In other words, can it be saved and where did we go wrong?


----------



## Arne (Mar 27, 2017)

First, welcome to the forum. Next, we probably need a bit more information. What was your starting specific gravity.? What is the goldilocks temp? How long did the ferment take? At 1.000 it could possibly be done, but I don't like the sound of a sulfur or rotten egg smell. That usually tells us the yeast is stressed, probably because it didn't have enough nutrient during the ferment. Draw a glass, pour it back and forth between two glasses and let it sit for a few minutes. Does ttat help the smell? If it doesn't, try putting a clean shiny penny in the glass and stir it for a bit. Or try stirring with a nice clean piece of copper wire. If that helps there is a product called redulles{not sure of spelling} That you can add to it to help get rid of the oder. Arne.


----------



## kcas (Mar 27, 2017)

Thanks for the prompt response!

Our starting specific gravity was 1.100.
The temperature was between 24-30 Celsius for the primary ferment.
The primary ferment took 5 days.
Just poured it between the glasses and let it sit - it definitely smelt better.
What are redulles? 
Also what may the smell be - since secondary ferment the airlock hasn't bubbled? Yeah


----------



## sour_grapes (Mar 27, 2017)

Arne was speaking of a product called Redulees: http://www.scottlab.com/product-119.aspx

The smell is from hydrogen sulfide, H2S. It binds readily to copper, which is why Arne suggested using copper as a test. Redulees contains a controlled dosage of copper.


----------



## kcas (Mar 27, 2017)

We'll rack the wine off ASAP and find some Redulees (thanks for the tip!)

If that works, is there a way to restart the secondary ferment?


----------



## NorCal (Mar 27, 2017)

Before adding anything to the wine, I would rack off the lees and then splash rack it really good. This should aerate the wine and hopefully the H2S will blow off.

If you are doing "secondary" fermentation, I'm assuming you mean malo lactic fermentation, you do not want to be careful with the SO 2 level, as it can inhibit mlf.

A few things to note. Have you added the malo lactic bacteria yet? A healthy fermentation does not smell like rotten eggs. MLF is very slow and not a big CO2 producer. You will see tiny bubbles around the surface of the wine, but don't expect to see the bubbles like you did in the alcoholic fermentation.


----------



## skeenatron (Mar 27, 2017)

I would not add any SO2 because if you are actually having issues with secondary fermentation, SO2 is only going to make it worse. SO2 isn't going to make it smell any better either. I have had very high H2S stankin' wines blow off during secondary, and during aging. Usually once you smell H2S it's already too late to do a whole lot about it so try not to stress too much.

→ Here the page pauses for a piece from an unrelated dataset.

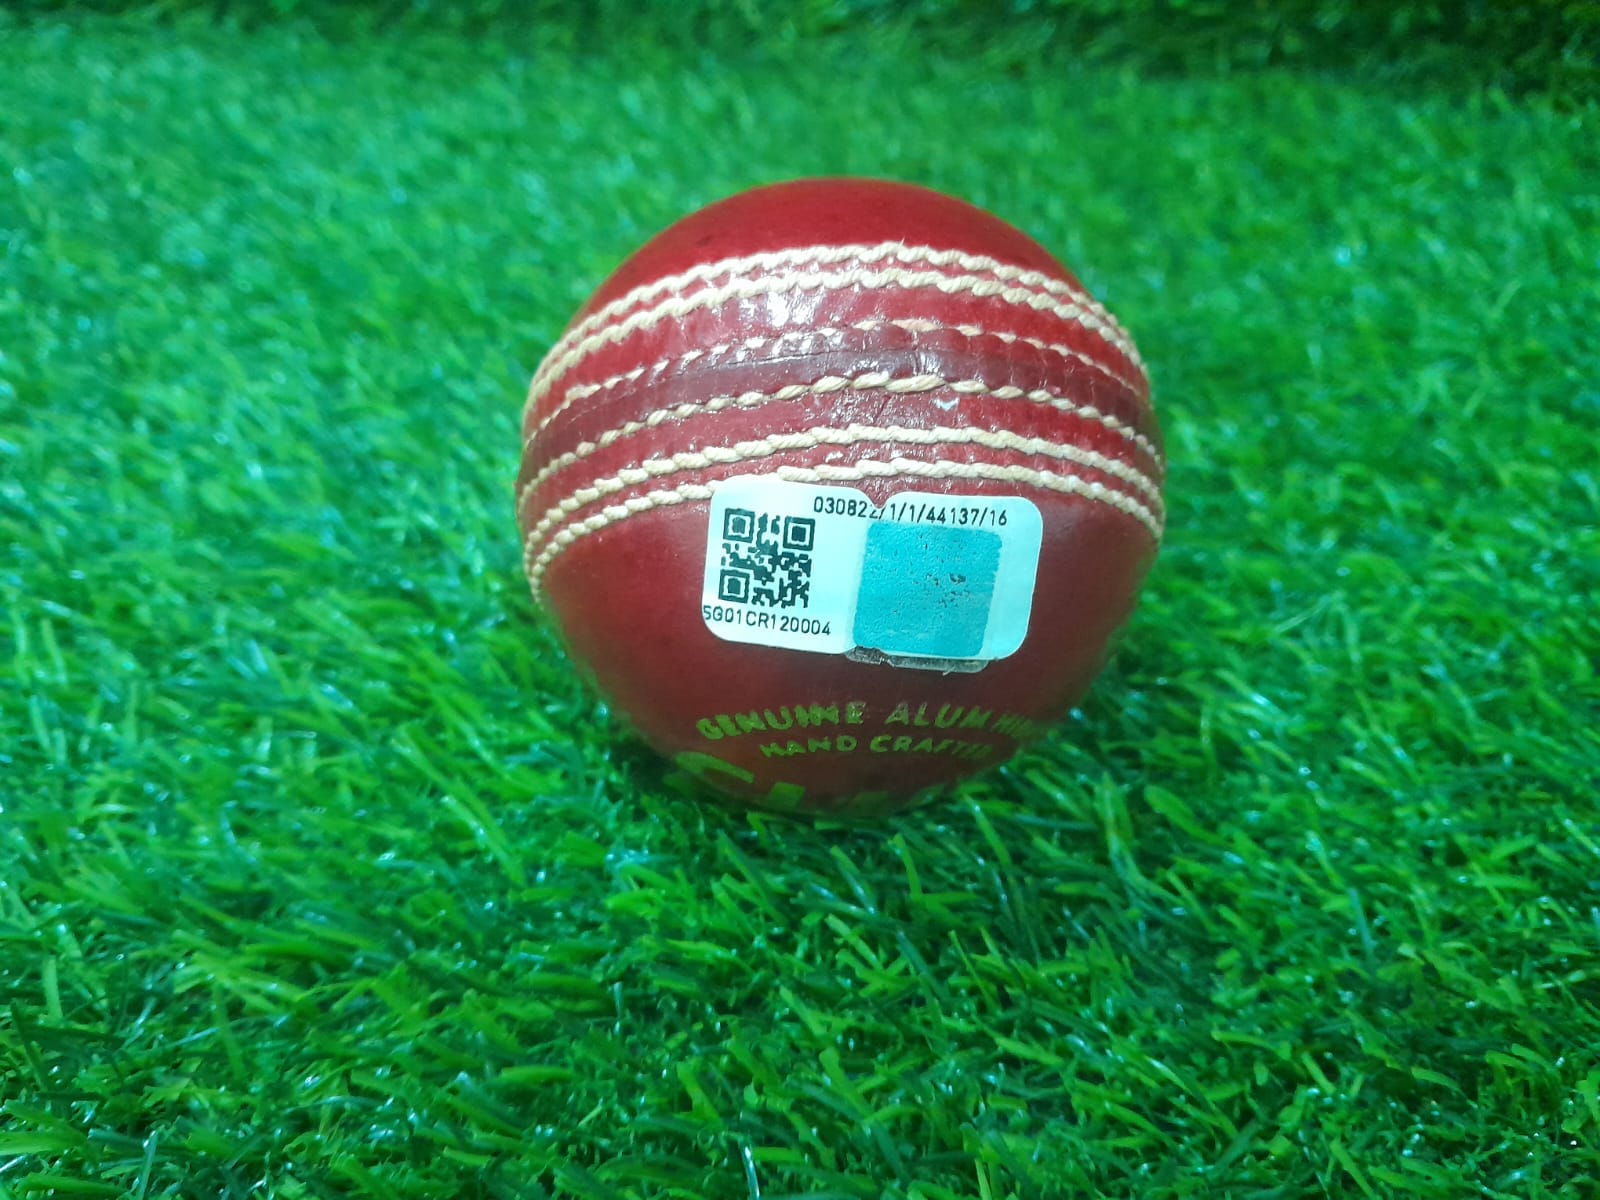 SG Club Red Cricket Ball 6 Ball set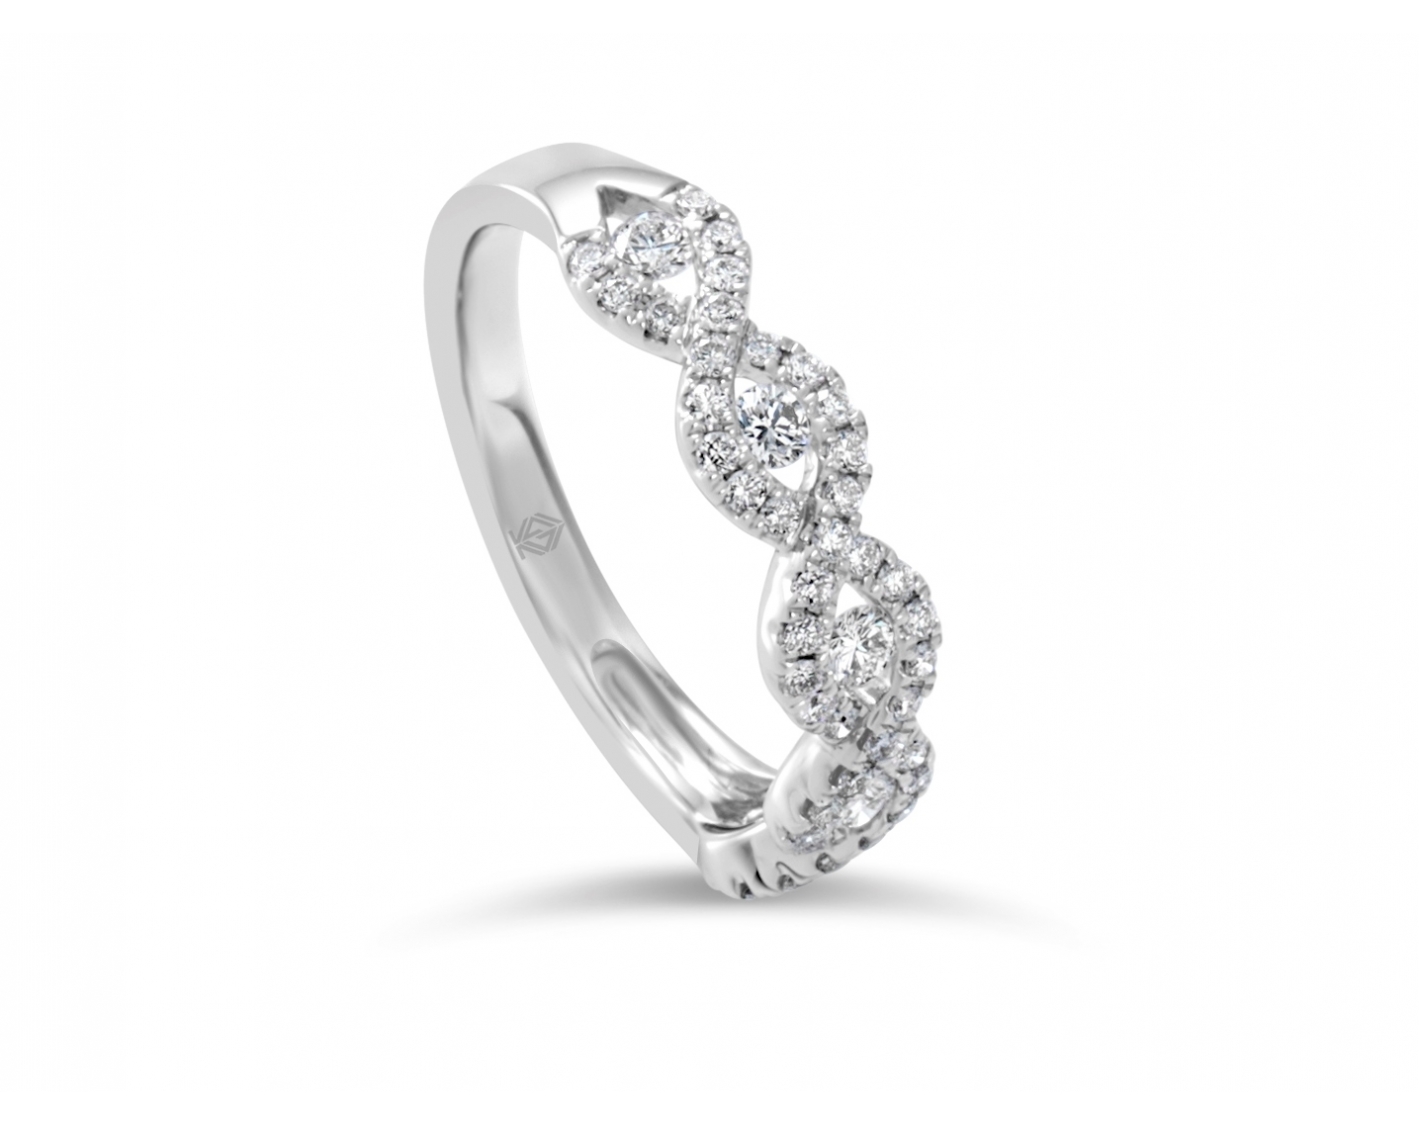 18k rose gold half eternity infinity halo and pave set round brilliant diamond wedding ring Photos & images

Your main task now is to get through the rest of fermentation. NorCal is right about the low CO2 production from MLF bacteria, you won't see much. If you can get your ear to the bunghole and listen for crackling, that would be a good indication that CO2 is still being produced by either your yeast or bacteria. Getting a malic acid test of some sort to check your actual levels every few days would be even better. Keeping that fermenation around 65-70F will be the best thing to get through secondary fermentation.


----------



## heatherd (Mar 27, 2017)

kcas said:


> Hi there everyone,
> 
> My partner and I have transferred our Shiraz into our carboy for the secondary ferment. It was at the Goldilocks temperature the whole Primsry and was at 1.000 SG when we transferred. It's been in the carboy for 4 days but there is no bubbling, nor is there bubbling in the airlock. We decided to do a hydrometer test (1.000). BUT it is still has the fermenting smell like Sulfur or rotting eggs... we were going to rack again off the lees in a few days but should we be doing it earlier and adding SO2 to clarify, reduce the smell and improve the wine? We had an active and seemingly spot on primary, so we are concerned...
> 
> In other words, can it be saved and where did we go wrong?



Hi @kcas, welcome to the hobby and the forum. Bubbles are not an indication of fermentation, so no worries there.

One question: By "secondary fermentation" do you mean that you racked into a secondary/carboy to let the yeast finish alcohol fermentation? If that is the case, then I would rack again while splashing the wine around to try to get the smell to go away. Then I would let it try to get to 0.995-ish to be "dry," meaning that the yeast is done fermenting. At that point you'll stabilize with kmeta. If the smell is still there, you can treat with Reduless. Then you'll add clearing agents.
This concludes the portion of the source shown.